In February 2026, Docugami launched an MCP Server at https://api.docugami.com/mcp, exposing its Document AI as standardized tools callable by any MCP-compatible agent runtime. This is a distribution shift, not a capability change: the underlying KG-RAG architecture is unchanged, but the integration cost for embedding Docugami into third-party agent workflows drops significantly. Named integrations at launch include Mistral's Le Chat and GitHub Copilot in VS Code.
Most recently, Docugami published KG-RAG-datasets on GitHub, an open-source evaluation framework for knowledge graph retrieval-augmented generation (RAG) built on SEC 10-Q filings from Apple, Amazon, Intel, Microsoft, and Nvidia. The release enables third-party benchmarking of Docugami's document AI pipeline on financial documents, a category where accuracy and auditability are non-negotiable.

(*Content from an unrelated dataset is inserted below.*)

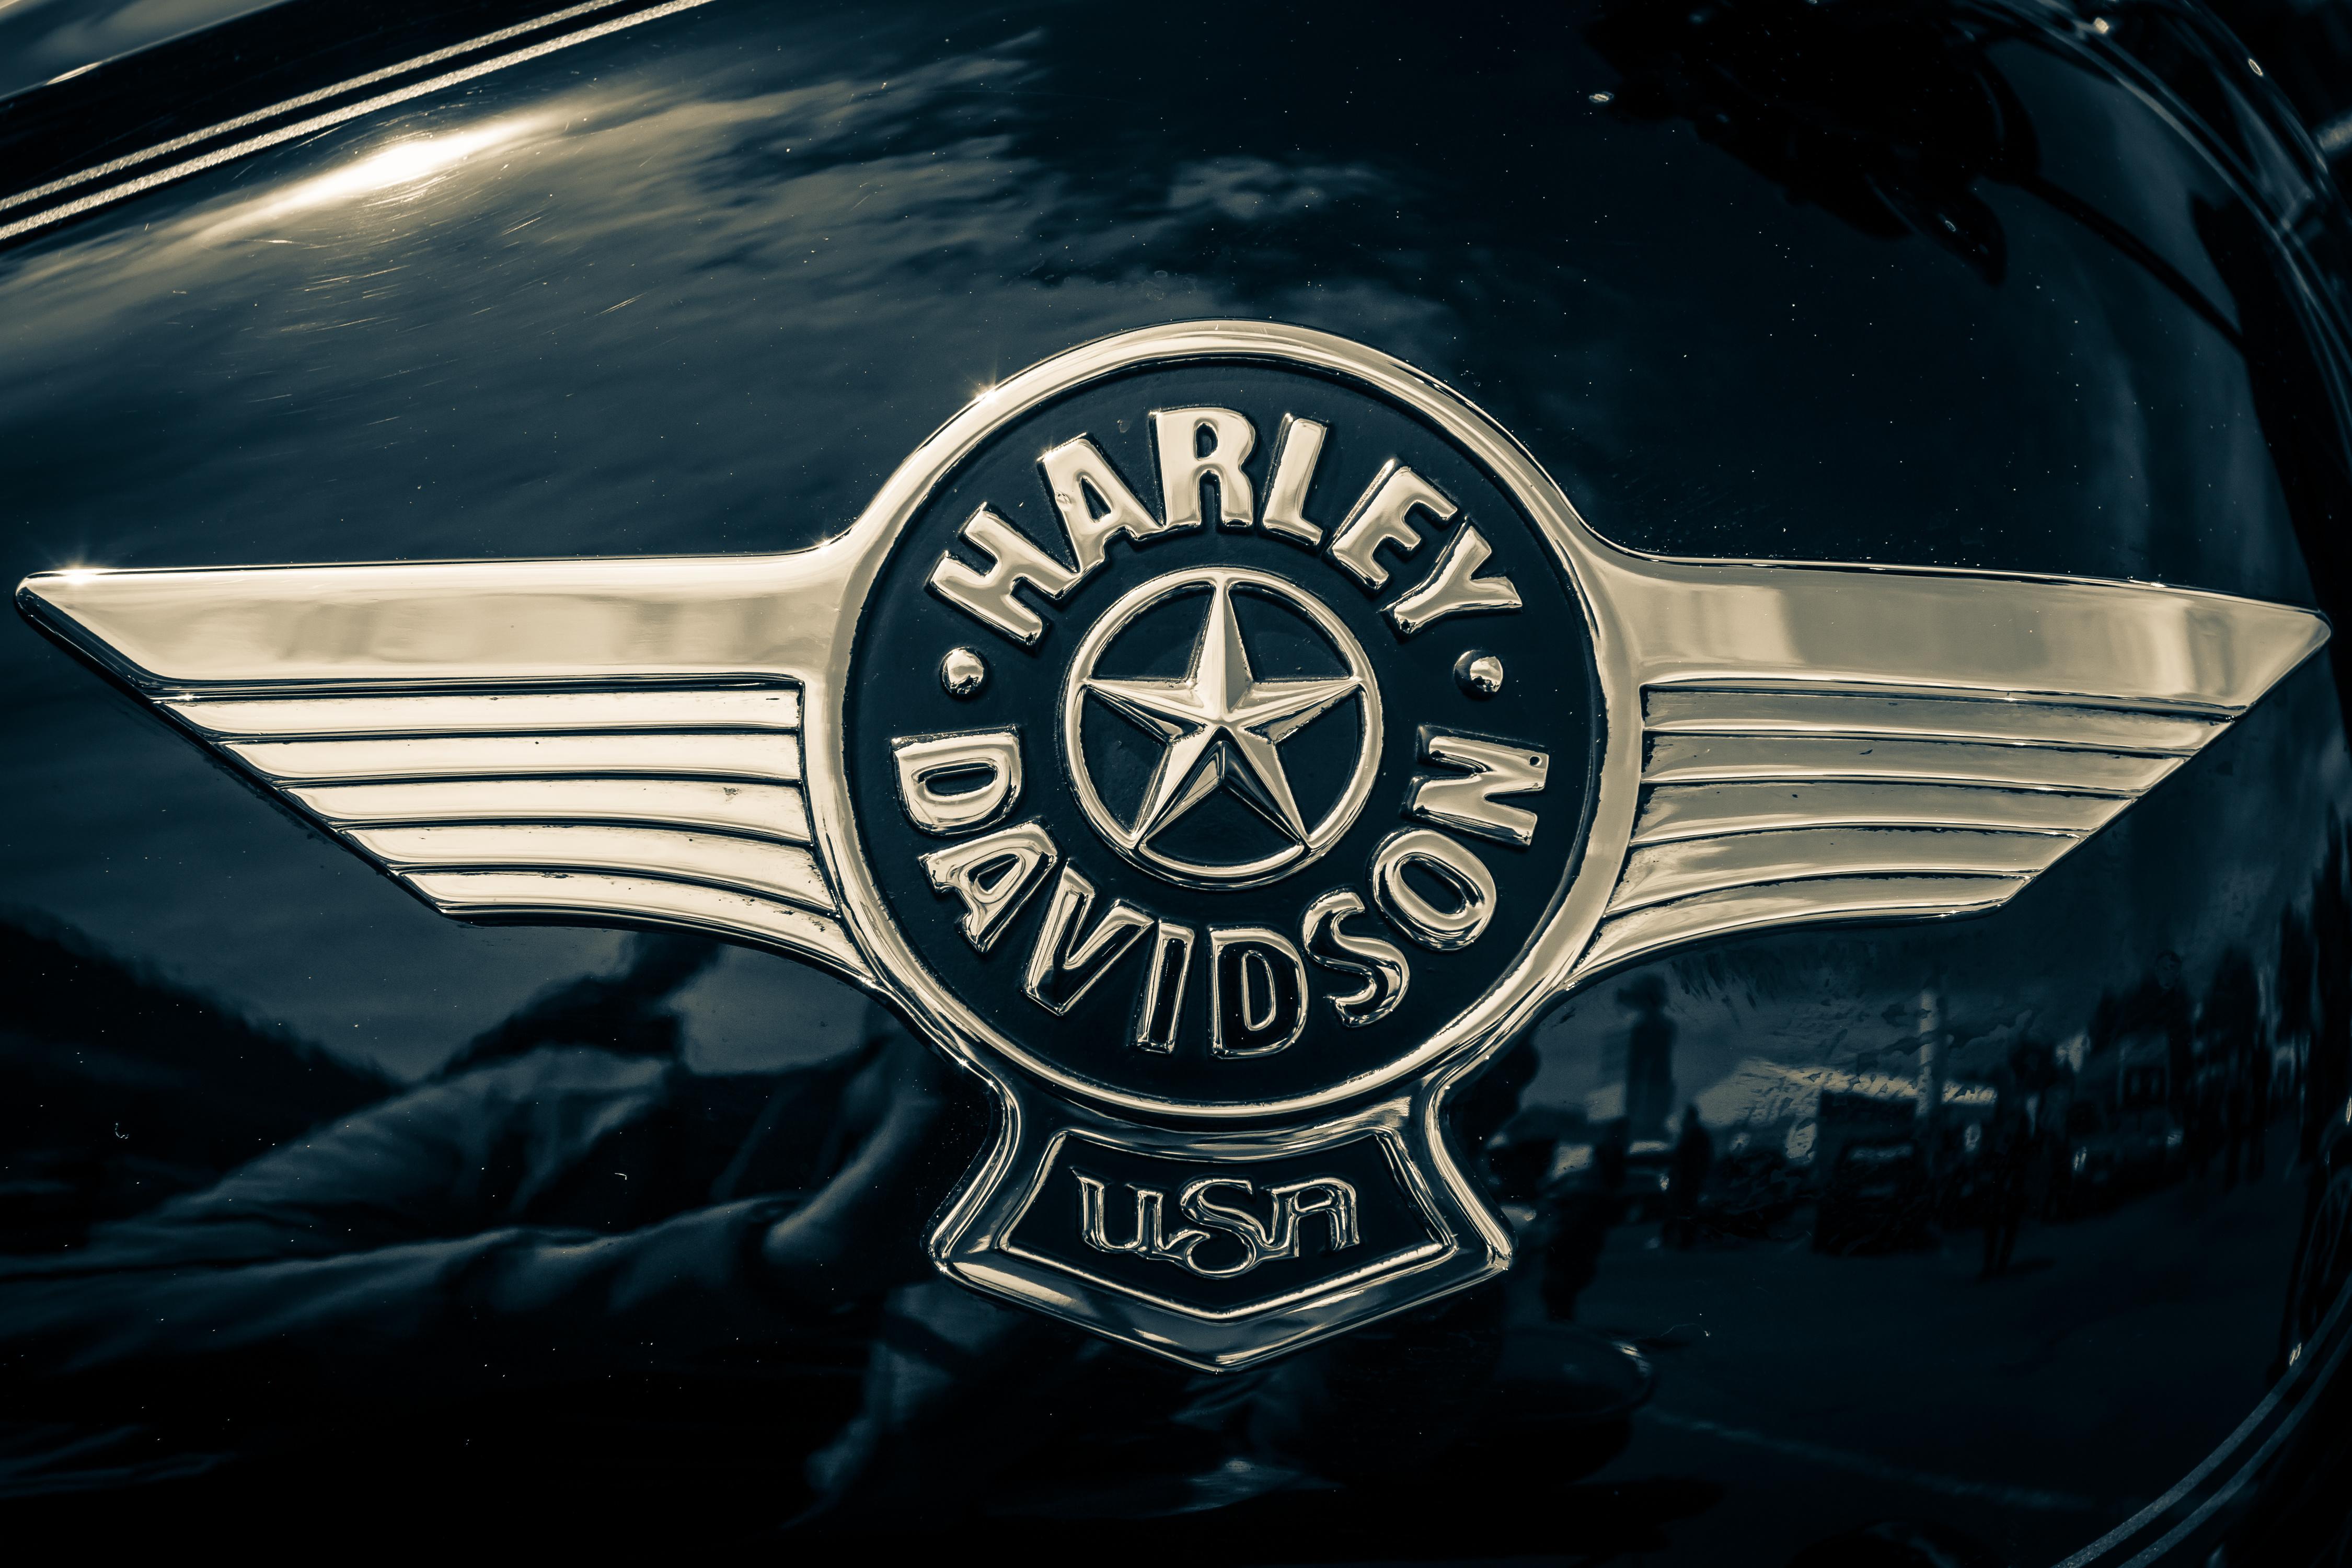 Harley Davidson Tarihi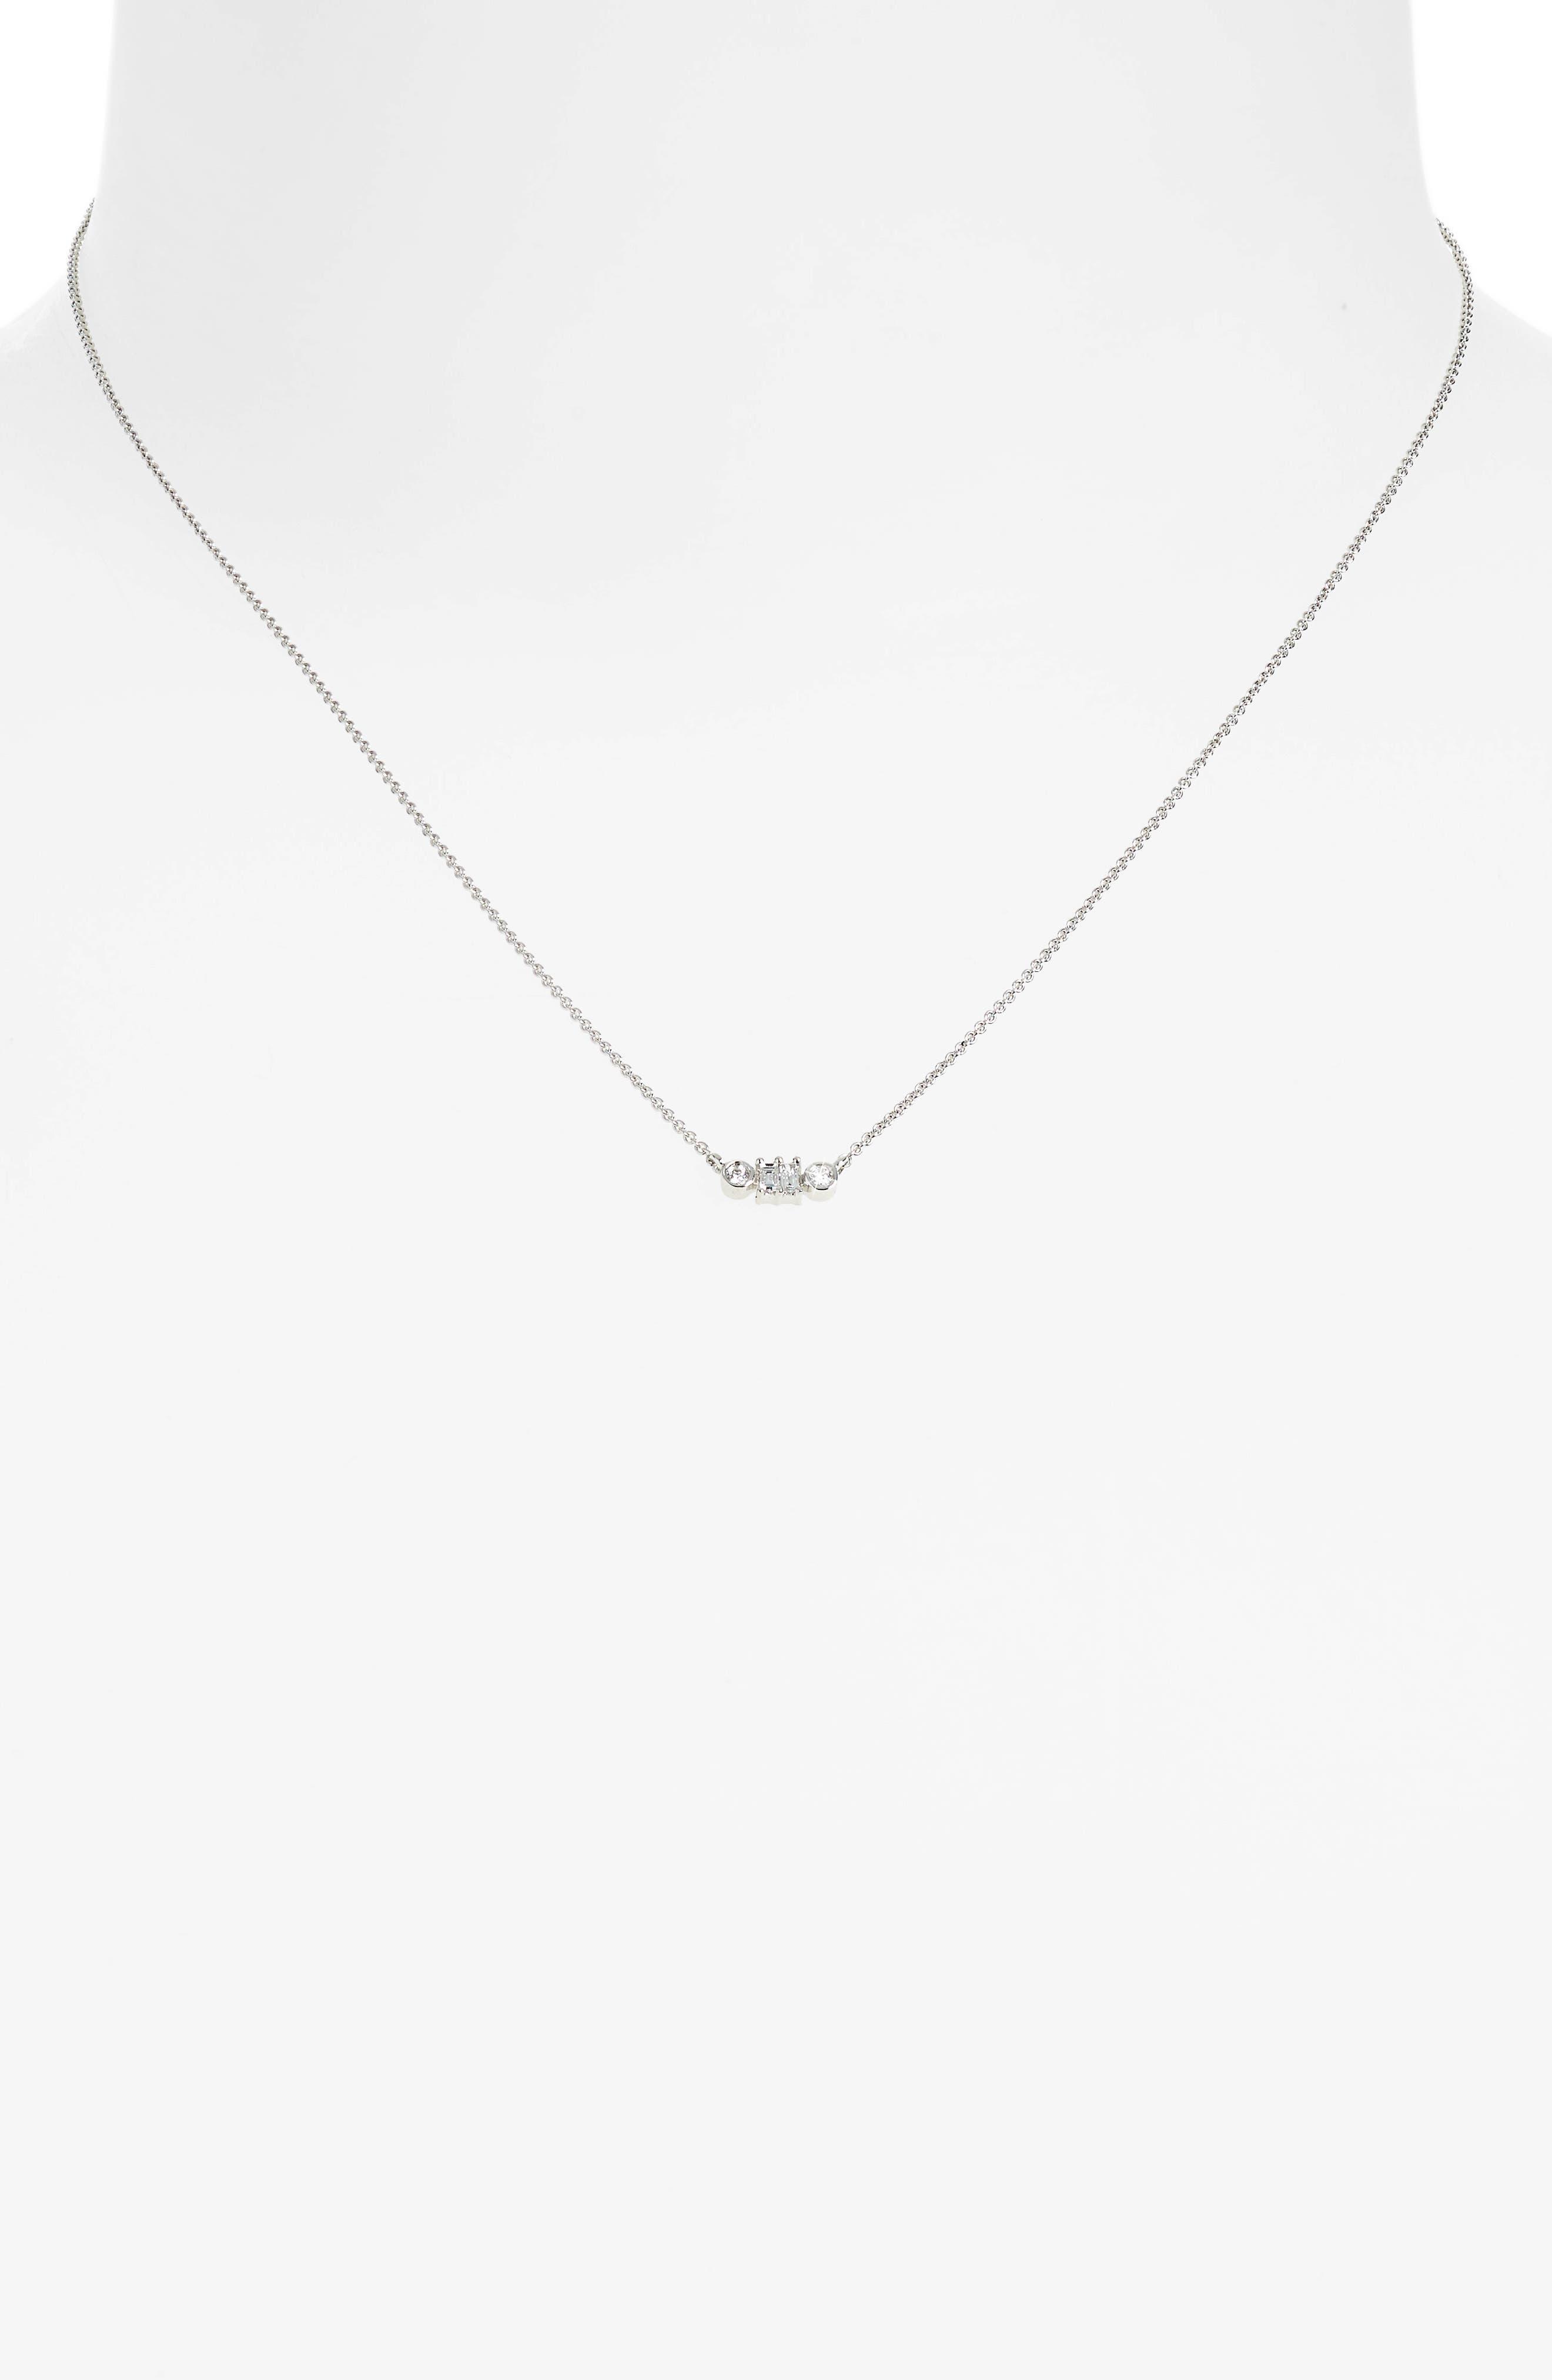 Dana Rebecca Sadie Diamond Baguette Pendant Necklace,                             Alternate thumbnail 2, color,                             WHITE GOLD

Gartner has cited Docugami as an example of generative AI innovation beyond traditional IDP. The company holds grants from the U.S. National Science Foundation, NASA, and Mitacs, and participates in the NVIDIA Inception program. Total funding stands at $11.22M.
How Docugami processes documents
Docugami's pipeline transforms documents into structured Knowledge Graphs rather than extracting flat text. The Business Document Foundation Model applies Contextual Semantic Labels for hierarchical semantic chunking, producing XML semantic trees where every information element becomes an actionable data node with its structural context preserved.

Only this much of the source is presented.